To have a better idea of the solution, I think it's best to clearly define what it means for graphs $G$ and $H$ to be "identical". The concept of graph isomorphism is probably what you want here. Two graphs $G$ and $H$ are said to be isomorphic if there exists a bijection $f:V(G) \rightarrow V(H)$ such that for all vertices $u, v$ that are adjacent in G, we have that $f(u)$ and $f(v)$ are adjacent in $H$. Such a function $f$ is said to be a graph isomorphism. Since you stated that $V(G) = V(H)$, I assume that you already have some bijection $f$ and you are wanting to test if $f$ is a graph isomorphism.

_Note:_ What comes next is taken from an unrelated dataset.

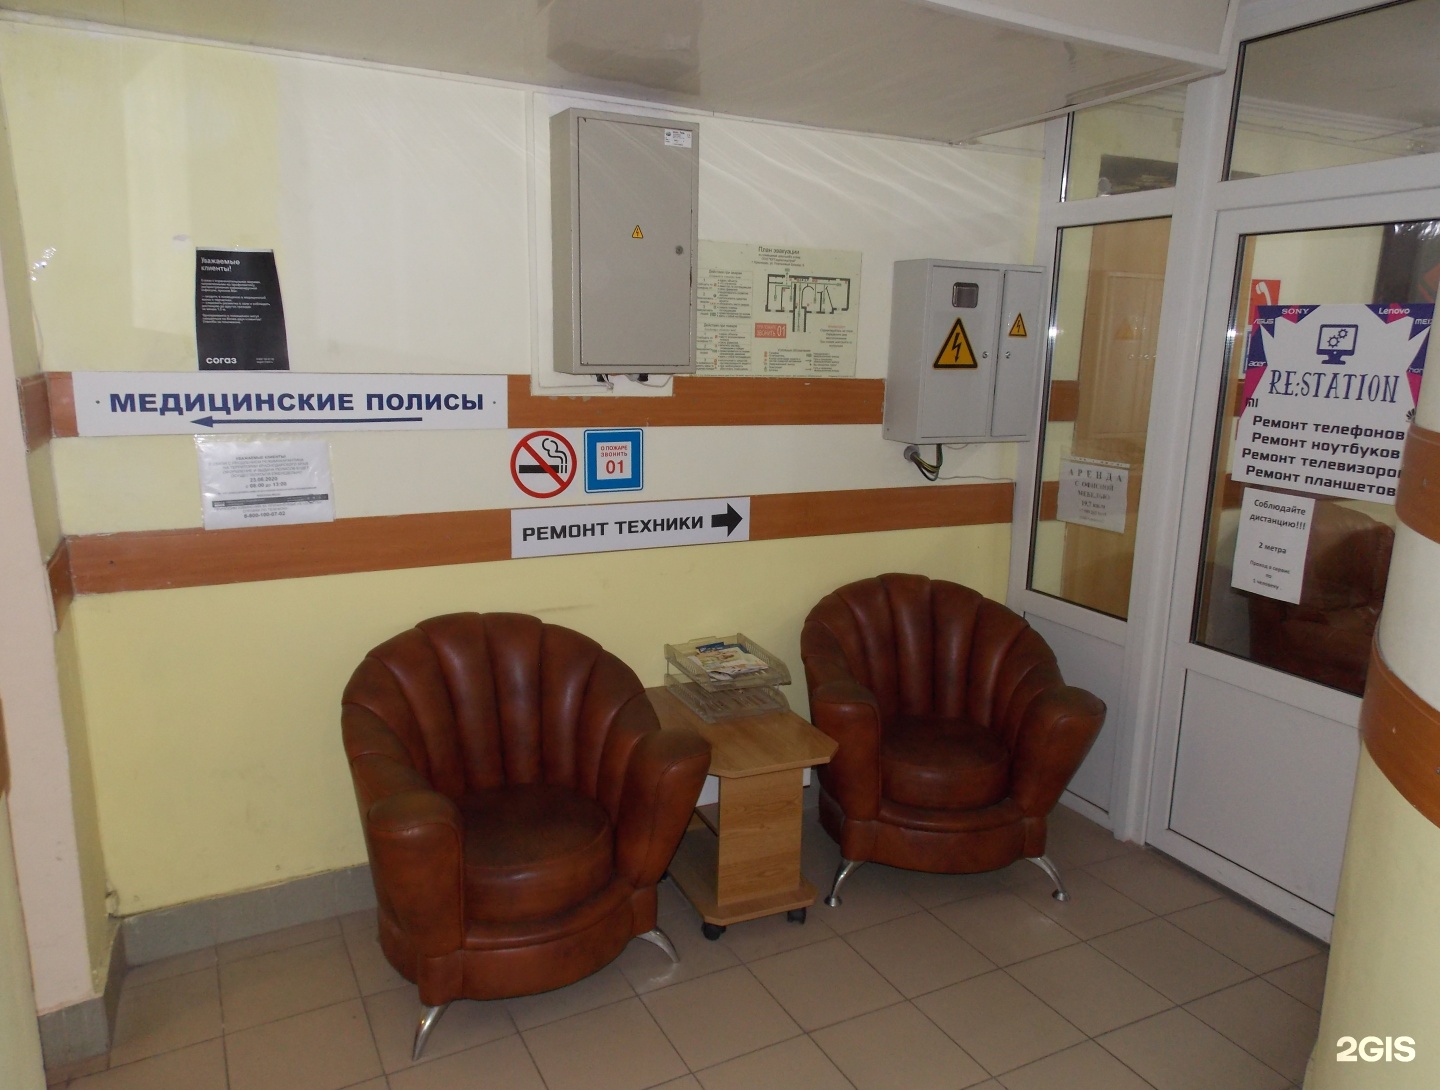 Сервисный центр телефонов краснодар. Постовая 8 Краснодар ремонт телефонов.

To check that $f$ is a graph isomorphism, for each vertex $v$, we can examine each of its neighbors $u$ in $G$ and check that $f(v)$ and $f(u)$ are adjacent in $H$. This can be done in $O(n+m)$ time using BFS.

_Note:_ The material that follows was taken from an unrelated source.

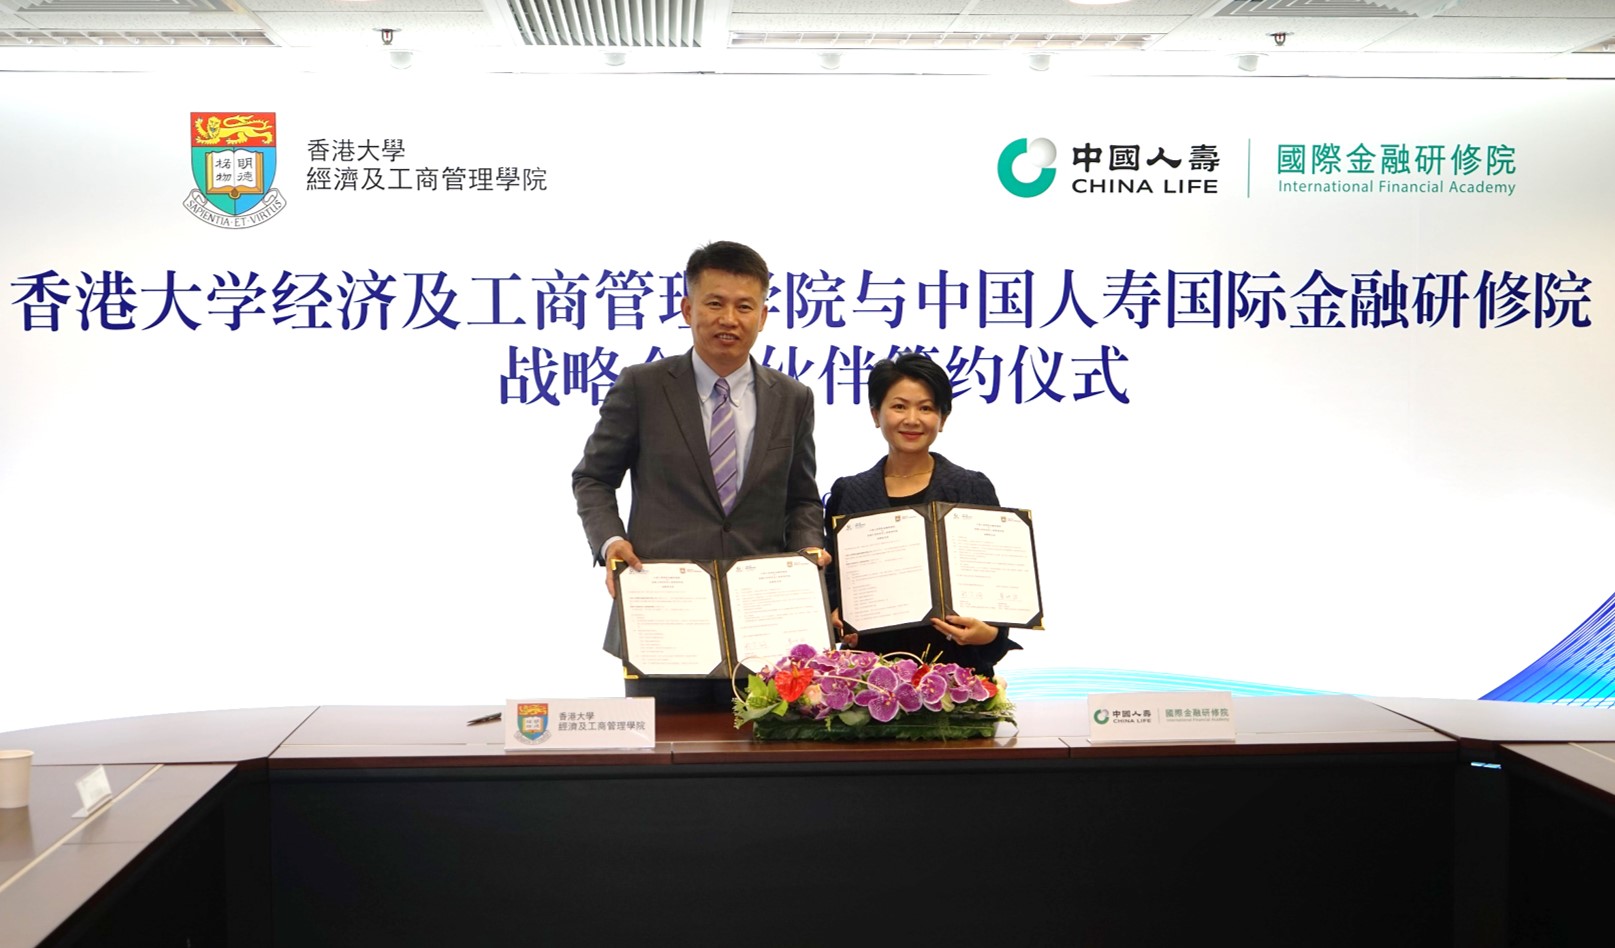 中國人壽國際金融研修院與香港大學經濟及工商管理學院簽署戰略合作夥伴協議

Note that your problem, deciding whether a bijection $f:V(G) \rightarrow V(H)$ is a graph isomorphism, is much easier than trying to determine whether $G$ and $H$ are ismorphic; that is, whether a graph isomorphism $f$ exists. The complexity of graph isomorphism testing is actually an active area of research. If you are looking for software to do this, I recommend nauty, written by Brendan McKay.